Extracted records
===============
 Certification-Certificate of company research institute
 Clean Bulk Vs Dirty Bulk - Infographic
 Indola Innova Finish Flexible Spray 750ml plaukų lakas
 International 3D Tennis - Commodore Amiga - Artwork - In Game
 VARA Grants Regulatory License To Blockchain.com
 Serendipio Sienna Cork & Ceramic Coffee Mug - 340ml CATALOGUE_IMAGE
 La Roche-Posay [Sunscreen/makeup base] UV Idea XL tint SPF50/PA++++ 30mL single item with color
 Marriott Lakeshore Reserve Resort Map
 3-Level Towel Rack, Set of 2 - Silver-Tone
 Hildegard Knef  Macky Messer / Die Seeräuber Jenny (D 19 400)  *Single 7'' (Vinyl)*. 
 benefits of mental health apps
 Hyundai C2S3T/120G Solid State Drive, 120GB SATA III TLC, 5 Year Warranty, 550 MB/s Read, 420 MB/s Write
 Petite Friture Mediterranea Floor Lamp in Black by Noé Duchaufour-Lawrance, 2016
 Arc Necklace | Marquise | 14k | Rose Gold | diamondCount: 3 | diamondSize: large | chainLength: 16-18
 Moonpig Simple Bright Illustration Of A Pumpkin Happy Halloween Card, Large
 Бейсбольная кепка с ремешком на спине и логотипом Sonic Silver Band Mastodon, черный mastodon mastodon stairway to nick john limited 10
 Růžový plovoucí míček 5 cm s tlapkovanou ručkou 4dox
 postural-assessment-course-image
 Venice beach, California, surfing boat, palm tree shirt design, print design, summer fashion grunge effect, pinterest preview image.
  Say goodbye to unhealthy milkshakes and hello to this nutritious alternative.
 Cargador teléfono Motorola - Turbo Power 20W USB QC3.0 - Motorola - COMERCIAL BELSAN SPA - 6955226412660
===============
◆ Exercise instructions: Beginning at the top of the data, extract each line through the line containing "Růžový plovoucí míček" and return those lines exactly, with nothing added.

◆ Exercise solution:
 Certification-Certificate of company research institute
 Clean Bulk Vs Dirty Bulk - Infographic
 Indola Innova Finish Flexible Spray 750ml plaukų lakas
 International 3D Tennis - Commodore Amiga - Artwork - In Game
 VARA Grants Regulatory License To Blockchain.com
 Serendipio Sienna Cork & Ceramic Coffee Mug - 340ml CATALOGUE_IMAGE
 La Roche-Posay [Sunscreen/makeup base] UV Idea XL tint SPF50/PA++++ 30mL single item with color
 Marriott Lakeshore Reserve Resort Map
 3-Level Towel Rack, Set of 2 - Silver-Tone
 Hildegard Knef  Macky Messer / Die Seeräuber Jenny (D 19 400)  *Single 7'' (Vinyl)*. 
 benefits of mental health apps
 Hyundai C2S3T/120G Solid State Drive, 120GB SATA III TLC, 5 Year Warranty, 550 MB/s Read, 420 MB/s Write
 Petite Friture Mediterranea Floor Lamp in Black by Noé Duchaufour-Lawrance, 2016
 Arc Necklace | Marquise | 14k | Rose Gold | diamondCount: 3 | diamondSize: large | chainLength: 16-18
 Moonpig Simple Bright Illustration Of A Pumpkin Happy Halloween Card, Large
 Бейсбольная кепка с ремешком на спине и логотипом Sonic Silver Band Mastodon, черный mastodon mastodon stairway to nick john limited 10
 Růžový plovoucí míček 5 cm s tlapkovanou ručkou 4dox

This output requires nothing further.